In the state where the top cover 4 is in the open posture, the tip of each LED unit 5 is adjacent to the top cover 4 and is disposed at the adjacent position facing toward a side of the rotatable shaft 15 (refer to FIG. 1).

4. LED Unit

FIG. 10 is a perspective view showing the LED unit 5. The LED unit 5 includes an LED head 49, two holders 48 for holding the LED head 49, and a connecting member 47 for connecting the holders 48.

The LED head 49 is formed in an approximately inverted triangle shape in side view extending in the width direction. In addition, the LED head 49 is formed by unitizing an LED array (not shown) arrayed linearly along the main-scanning direction (width direction) and a SELFOC lens array (not shown). A bottom surface of the LED head 49 is configured as an exposure surface from which light is emitted.

Each holder 48 is formed in an approximately rectangular shape in side view extending in a direction perpendicular to the longitudinal direction of the LED unit 49. In addition, the LED head 49 is held between one ends of the holders 48.

The connecting member 47 is formed in a rod shape extending in the width direction and is disposed between the other ends of the holders 48. Swinging bosses 50 protruding outward in the width direction are formed at both ends of the connecting member 47 in the width direction. As shown in FIG. 3, since the swinging boss 50 is inserted in the LED support hole 29 of each cover side plate 24, the LED unit 5 is supported to be swingable with respect to the cover side plate 24(top cover 4).

As shown in FIG. 10, an arm portion 51 protruding upward to the rear side is formed on a right end surface of the connecting member 47. A displacement boss 52 protruding outward in the width direction is formed on a protruding end of the arm portion 51. The displacement boss 52 is swingably supported on a movable member 53, which will be described later.

5. Movable Member

FIG. 11 is a perspective view showing the cover side plate 24 and the movable member 53 when the top cover 4 is in the closed posture. FIG. 12 is a perspective view showing the cover side plate 24 and the movable member 53 when the top cover 4 is in the open posture. FIG. 13 is a side view showing the movable member 53 and the LED unit 5 when the top cover 4 is in the closed posture. FIG. 14 is a side view showing the movable member 53 and the LED unit 5 when the top cover 4 is disposed at the second angle position rotated by the second angle from the closed posture.

FIG. 15 is a side view showing the movable member 53 and the LED unit 5 when the top cover 4 is disposed at the first angle position rotated by the first angle from the closed posture. FIG. 16 is a side view showing the movable member 53 and the LED unit 5 when the top cover 4 is in the open posture. FIG. 17 is a side view showing the movable member 53 and the LED unit 5 when the top cover 4 is disposed at a third angle position rotated by a third angle from the closed posture, from the state of FIG. 16. FIG. 18 is a back view showing the positional relationship between the locking member 59 and the operation member 23. FIG. 19 is a perspective view showing the locking member 59.

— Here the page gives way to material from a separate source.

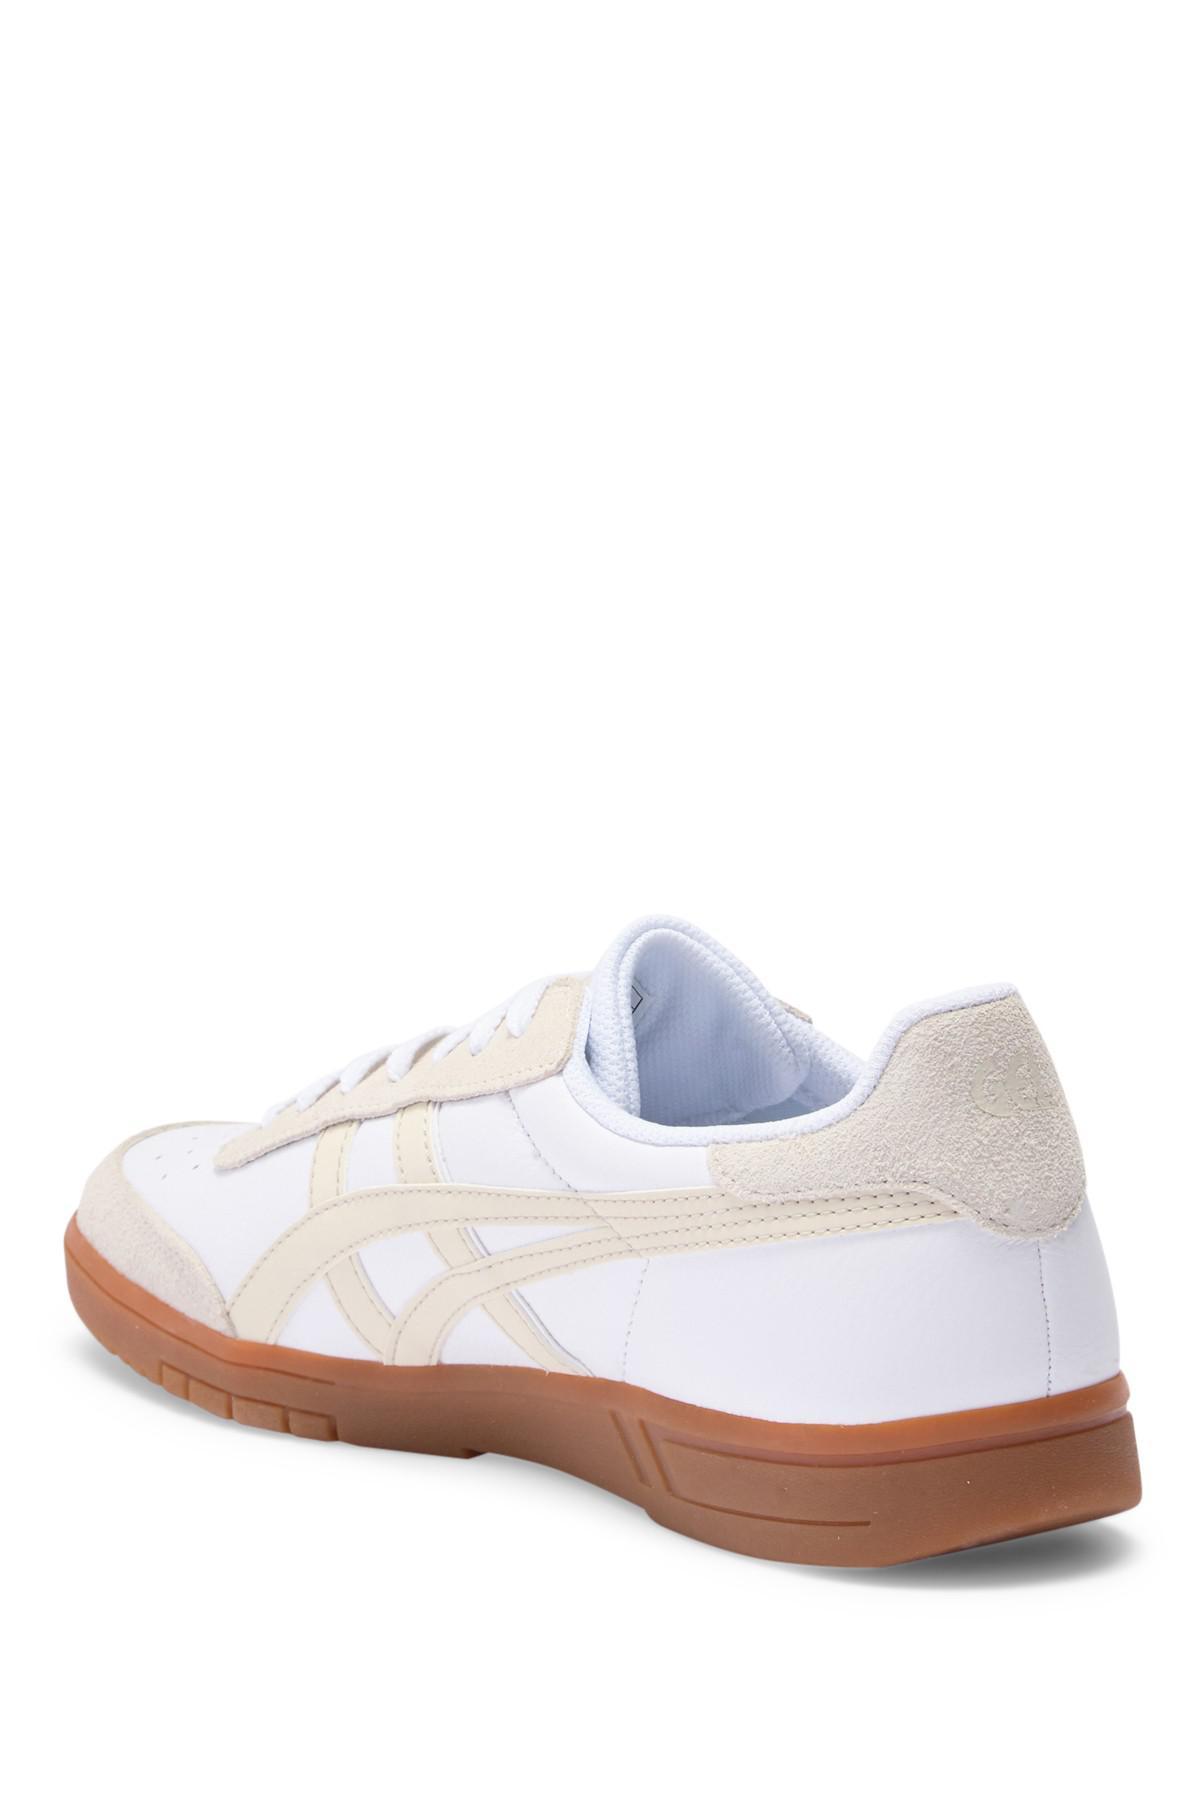 detailing 5f6f6 9a5f3 asicsr-WHITEBIRC-Gel-vickka-Trs-Leather-Sneaker.jpeg

The movable member 53 is formed in an approximately rectangular plate shape in side view extending in the front and rear direction and is disposed on the left side of the right cover side plate 24 as shown in FIG. 11. In the movable member 53, displacement boss holes 54 in which the displacement bosses 52 of the LED unit 5 are inserted are formed at equal distances therebetween in the front and rear direction. A portion of the movable member 53 where each displacement boss hole 54 is formed is formed to have a larger width in the up and down direction than the other portions. In addition, the displacement boss hole 54 located at the rearmost side is formed in an elliptical shape extending in the up and down direction compared with the other three displacement boss holes 54.

A receiving portion 55 having a shape cut from the upper end is formed in a middle portion of the movable member 53 in the front and rear direction. A locking boss 69 (refer to FIG. 19) of the locking member 59, which will be described later, is inserted in the receiving portion 55, such that the movement of the movable member 53 is regulated.

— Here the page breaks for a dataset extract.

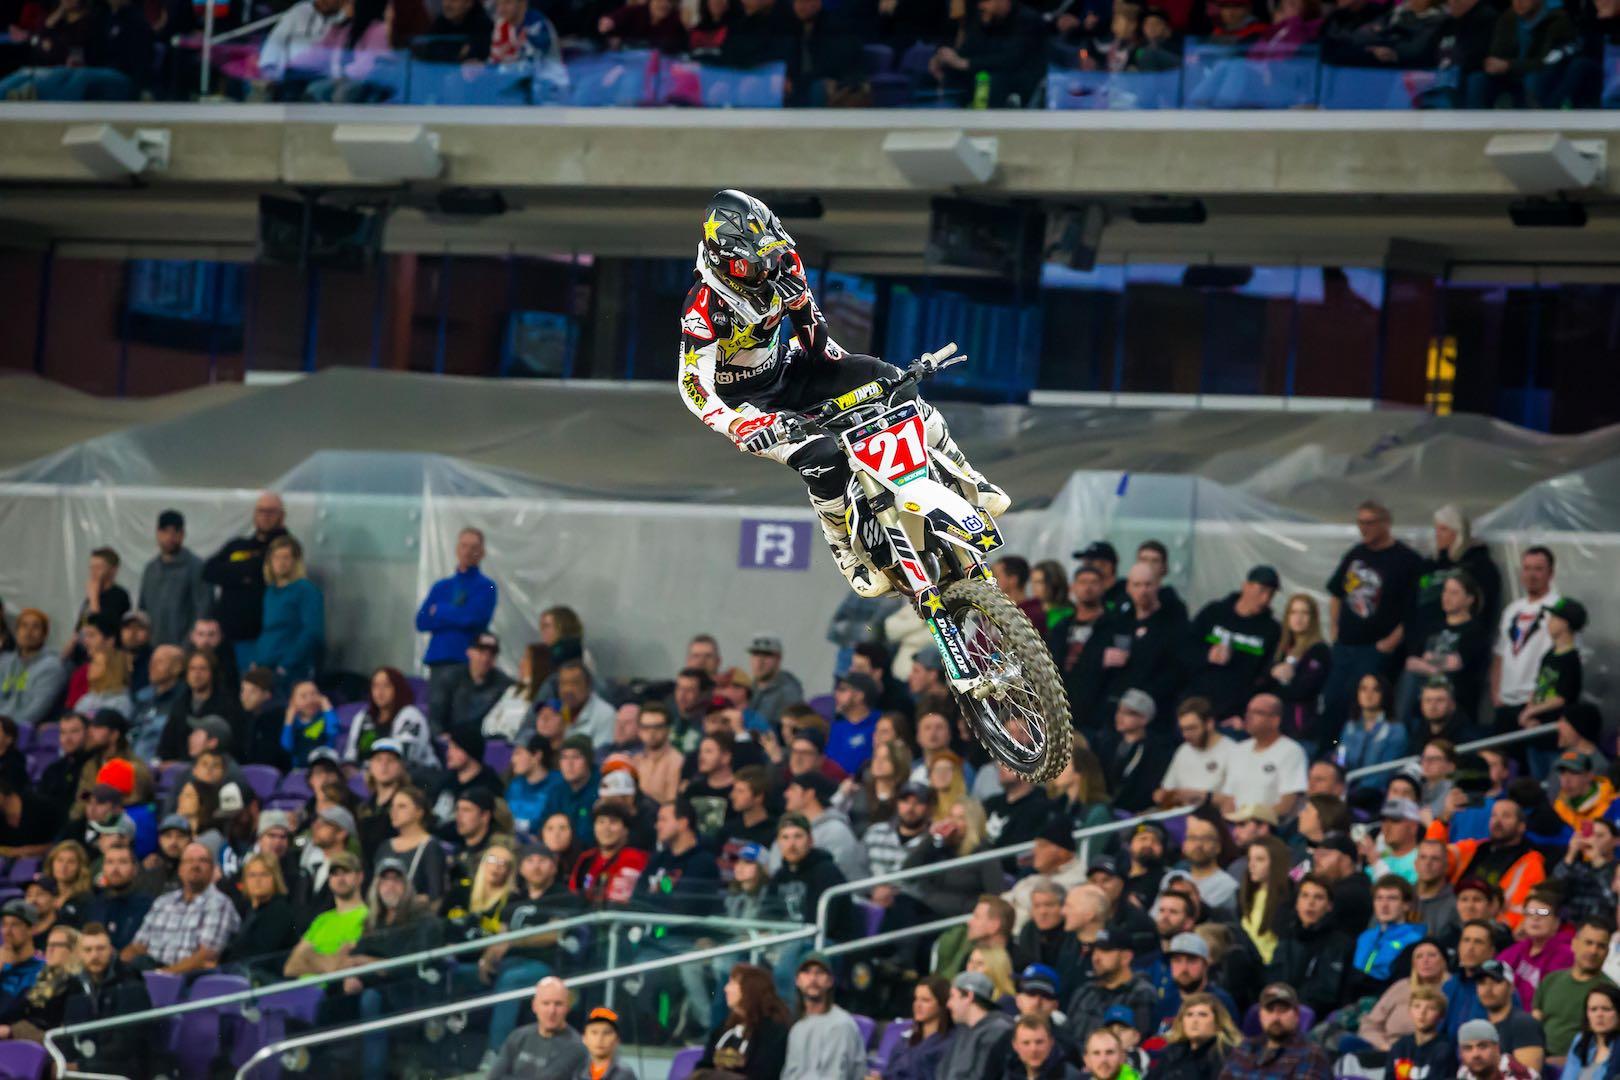 2018 Salt Lake City Supercross Preview  Husky Jason Anderson

A hook-like spring locking portion 56 that protrudes leftward and is bent frontward is formed at the rear end of the movable member 53. One end of a spring 57 for urging the movable member 53 rearward is locked to the spring locking portion 56, as shown in FIG. 13. In addition, a hook-like spring locking portion 58 that protrudes leftward and is bent rearward is formed in the cover side plate 24 as shown in FIG. 11. The other end of the spring 57 is locked to the spring locking portion 58.

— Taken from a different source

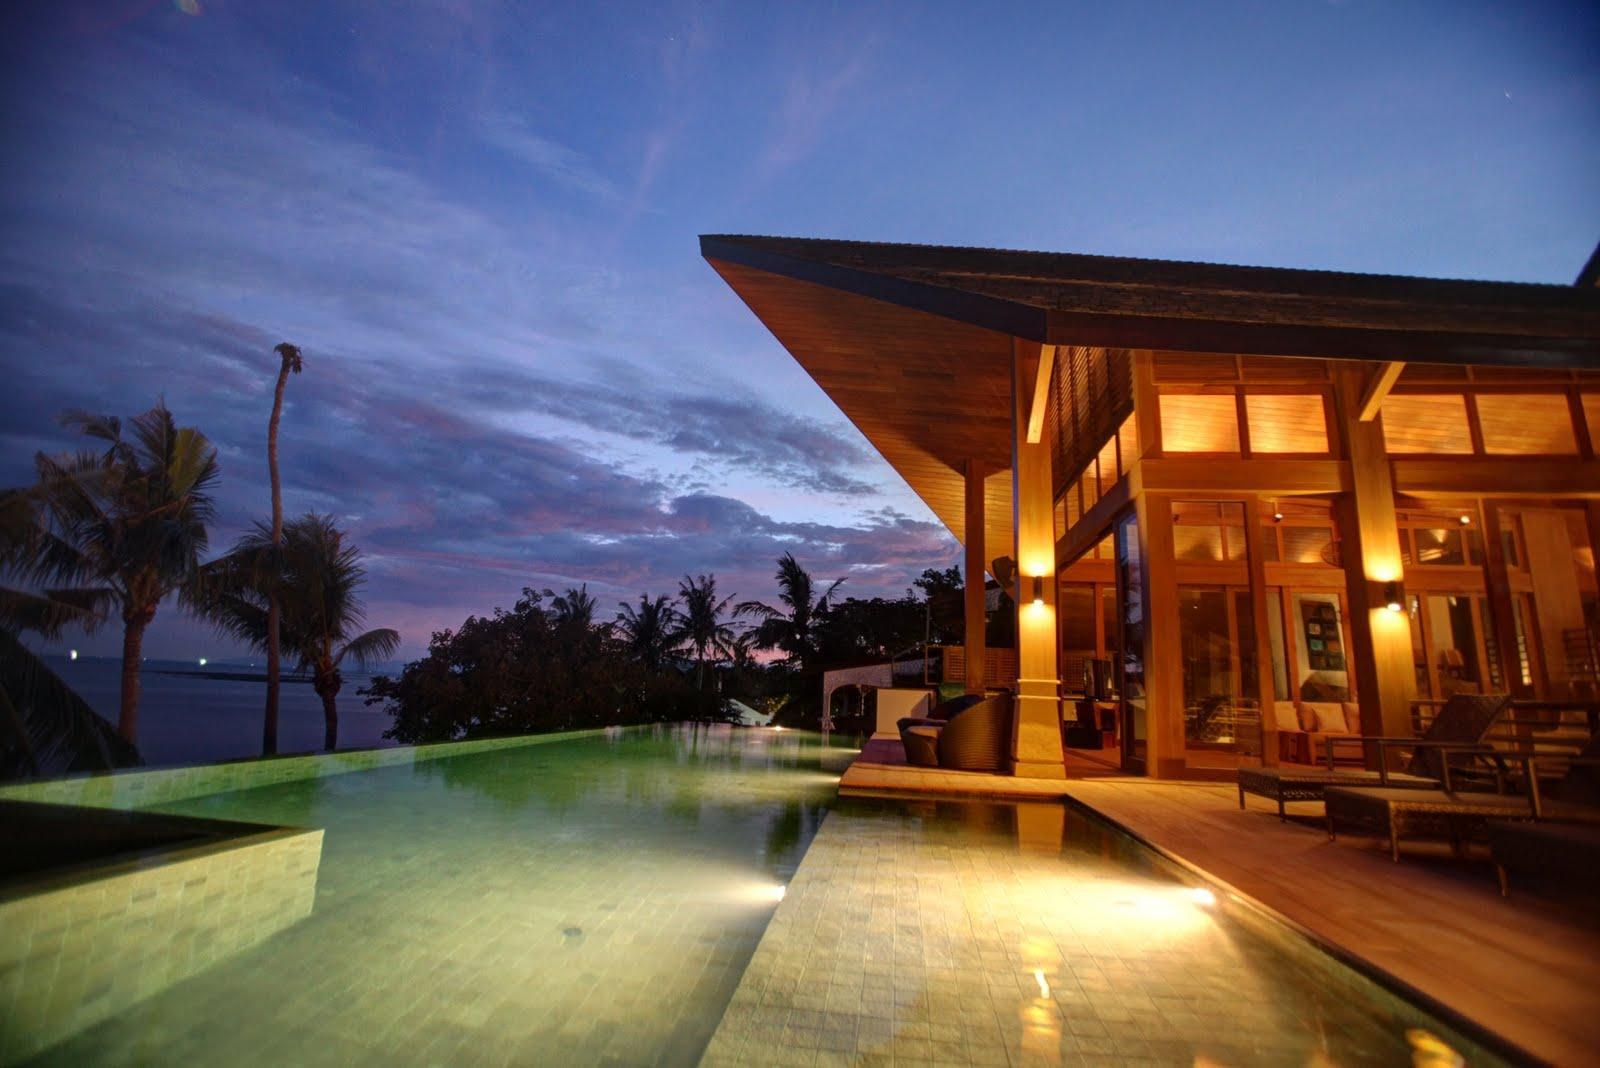 BHT   5 Bedroom Beachfront Villa With Private Pool

The movable boss 71 protruding rightward is formed between the rearmost displacement boss hole 54 of the movable member 53 and the displacement boss hole 54 positioned therebefore. The movable boss 71 passes through the movable boss hole 72 (refer to FIG. 4) formed in the cover side plate 24 to protrude rightward.

6. Locking Member

The locking member 59 is swingably supported on the right side surface of the right cover side plate 24.

As shown in FIG. 19, the locking member 59 includes a main body portion 60 having an annular plate shape in side view, an urged portion 61 which extends frontward from the peripheral edge of the main body portion 60 and has a triangular shape in side view, and a locking boss support portion 62 which extends rearward from the peripheral edge of the main body portion 60 and has a rectangular shape in side view.

In the main body portion 60, a support shaft hole 63 is formed to pass therethrough in the width direction. A support shaft (not shown) for rotatably supporting the locking member 59 on the cover side plate 24 is inserted in the support shaft hole 63. An annular edge portion 64 extending leftward is formed in the peripheral edge of the main body portion 60. The edge portion 64 is formed in a C shape in side view including an open portion 81 by being cut frontward from the lower end. The main body portion 60 includes a locking lever 65 rotatable around the support shaft hole 63 and a spring 66 for urging the locking lever 65.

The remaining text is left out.